Generation Configuration Workflow

  1. Get the model default config with get_generation_config()
  2. Modify parameters
  3. Apply the updated config using one of the following methods:
    • Use set_generation_config(config)
    • Pass config directly to generate() (e.g. generate(prompt, config))
    • Specify options as inputs in the generate() method (e.g. generate(prompt, max_new_tokens=100))

Basic Generation Configuration

import openvino_genai as ov_genai

pipe = ov_genai.WhisperPipeline(model_path, "CPU")

# Get default configuration
config = pipe.get_generation_config()

# Modify parameters
config.max_new_tokens = 100
config.temperature = 0.7
config.top_k = 50
config.top_p = 0.9
config.repetition_penalty = 1.2

# Generate text with custom configuration
result = pipe.generate(raw_speech, config)
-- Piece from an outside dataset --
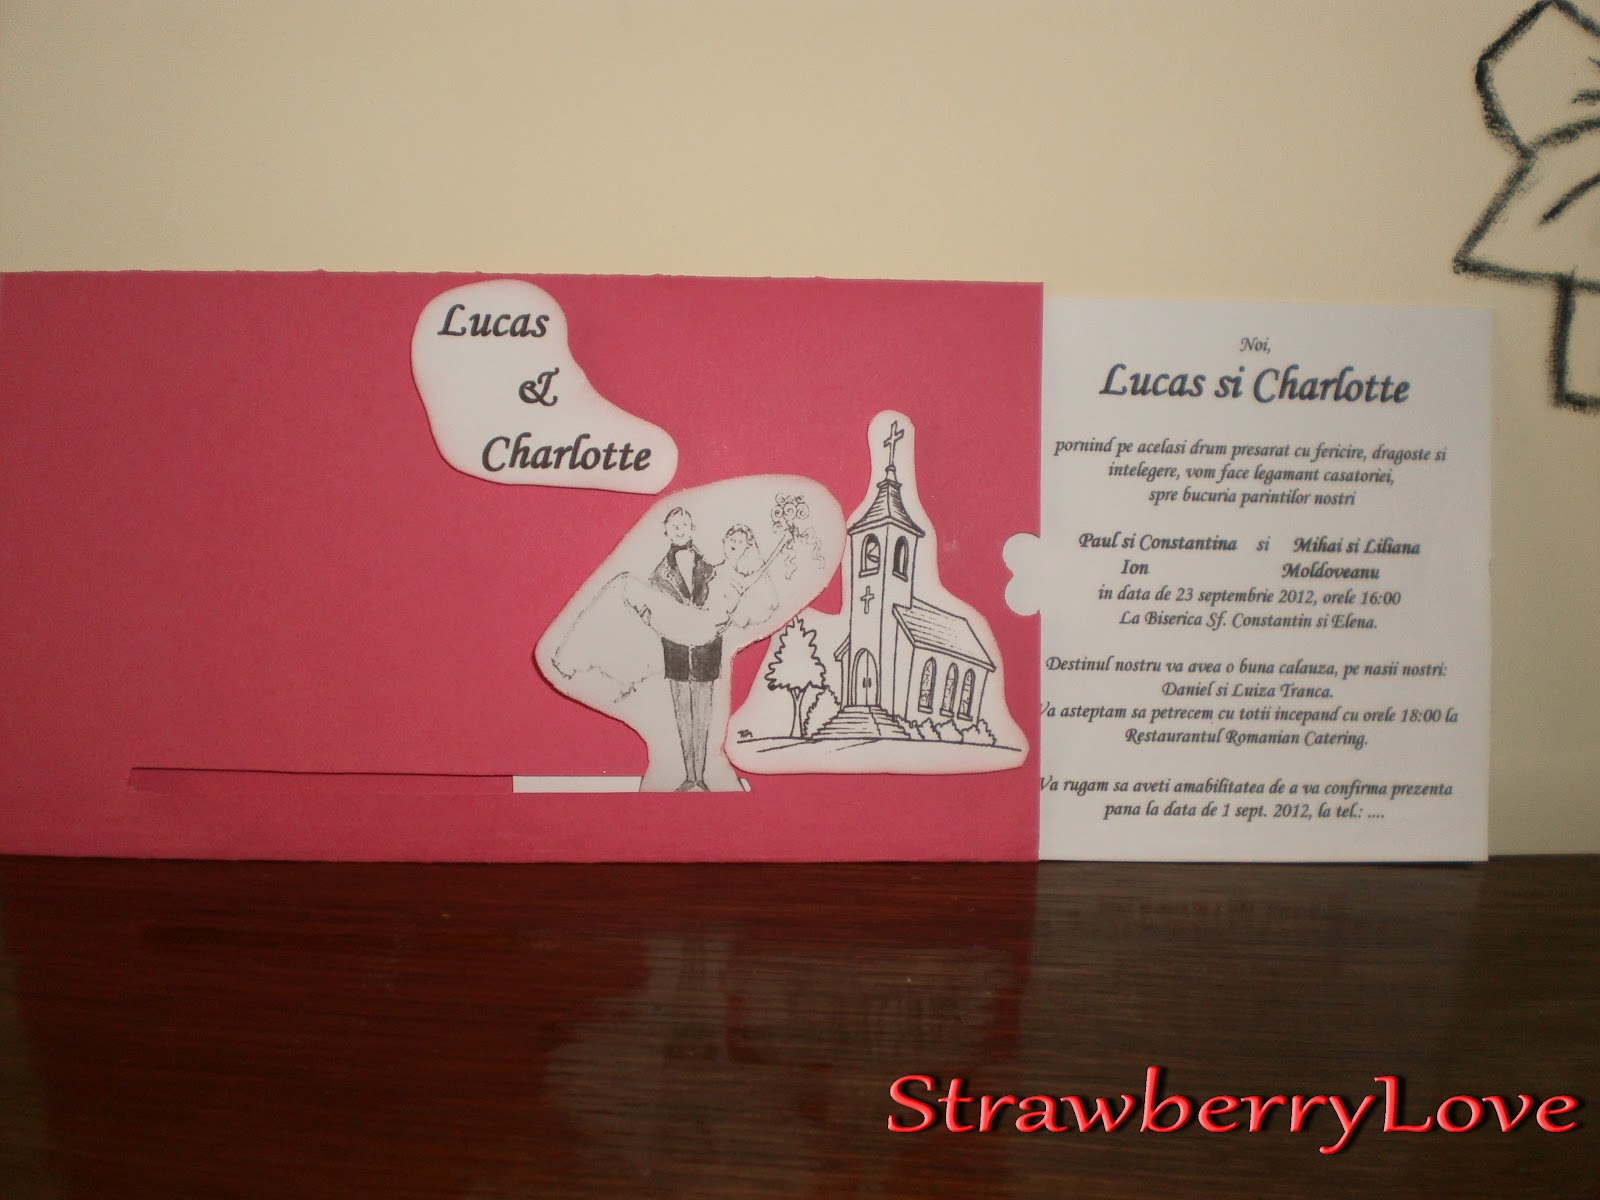 Strawberry Love by Reny: Handmade Wedding Invitations

Understanding Basic Generation Parameters

For the full list of generation parameters, refer to the Generation Config API.

Beam search helps explore multiple possible text completions simultaneously, often leading to higher quality outputs.
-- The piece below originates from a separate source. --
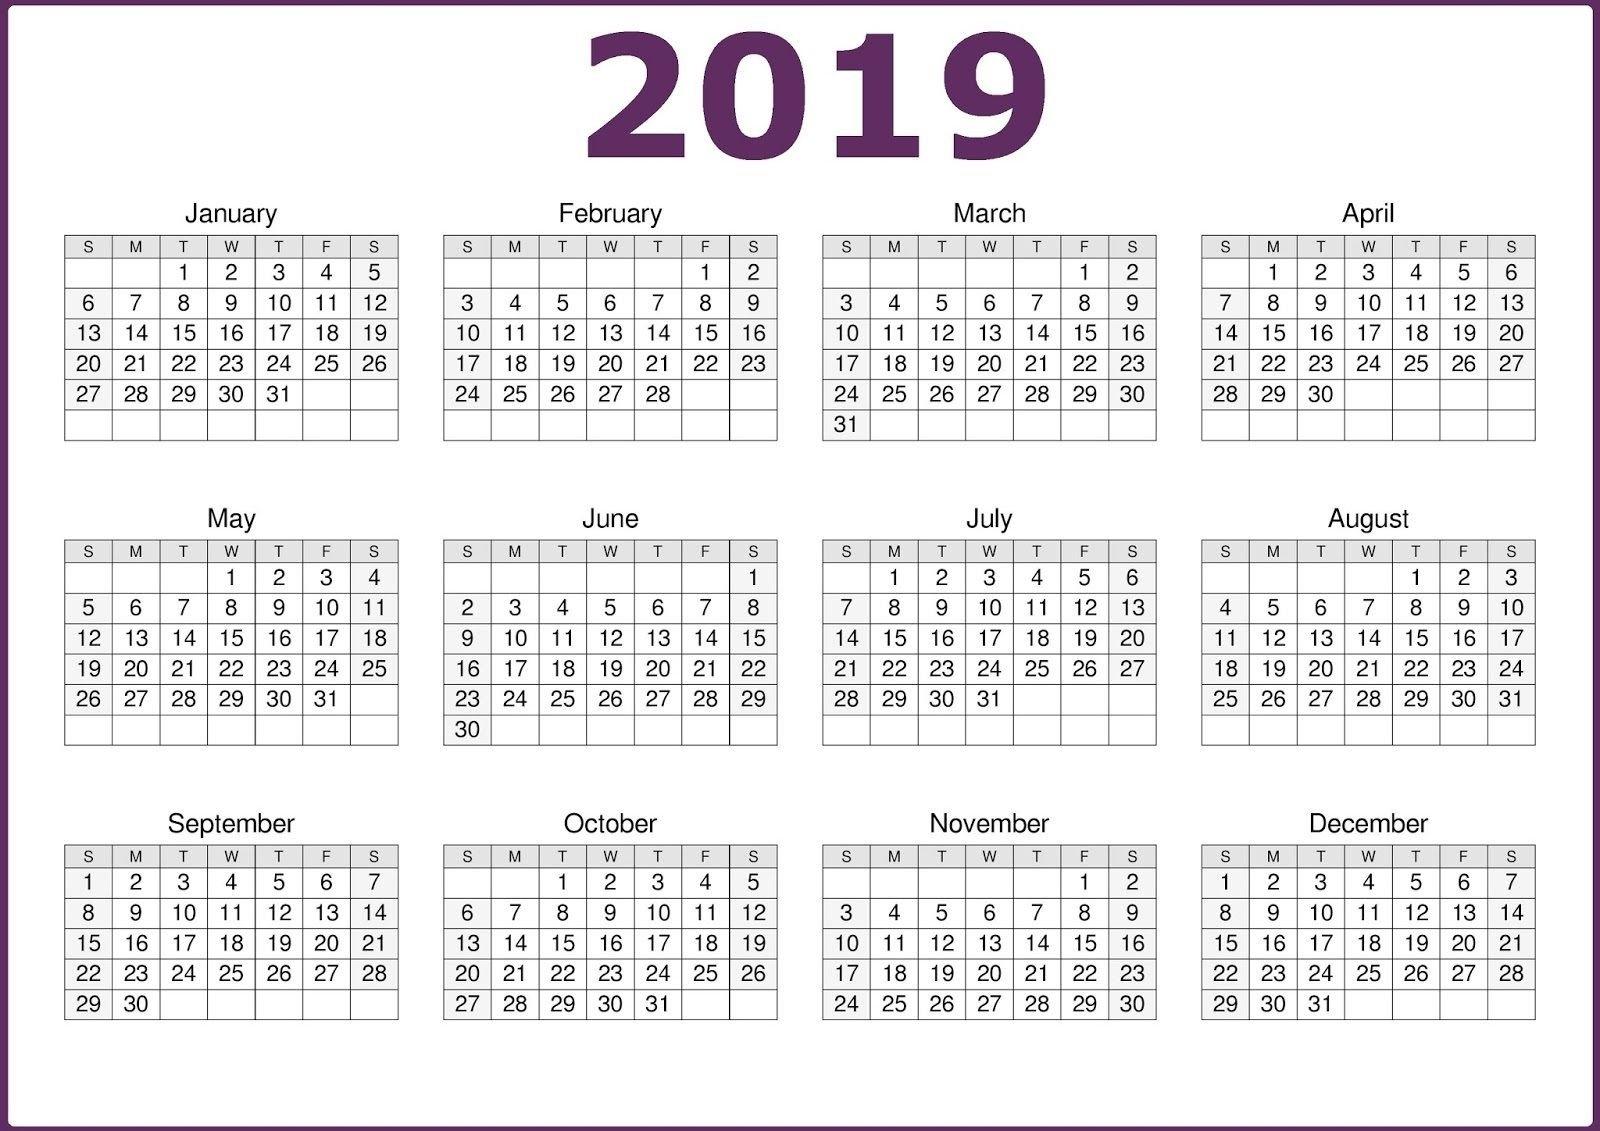 2019 One Page 12 Months Calendar | 2019 Calendars | Pinterest Calendar 2019 One Page

import openvino_genai as ov_genai

pipe = ov_genai.WhisperPipeline(model_path, "CPU")

# Get default generation config
config = pipe.get_generation_config()

# Modify parameters
config.max_new_tokens = 256
config.num_beams = 15
config.num_beam_groups = 3
config.diversity_penalty = 1.0

# Generate text with custom configuration
result = pipe.generate(raw_speech, config)

Understanding Beam Search Generation Parameters

For the full list of generation parameters, refer to the Generation Config API.

Transcription

Whisper models can automatically detect the language of the input audio, or you can specify the language to improve accuracy:

pipe = ov_genai.WhisperPipeline(model_path, "CPU")

# Automatic language detection
raw_speech = read_wav("speech_sample.wav")
result = pipe.generate(raw_speech)

# Explicitly specify language (English)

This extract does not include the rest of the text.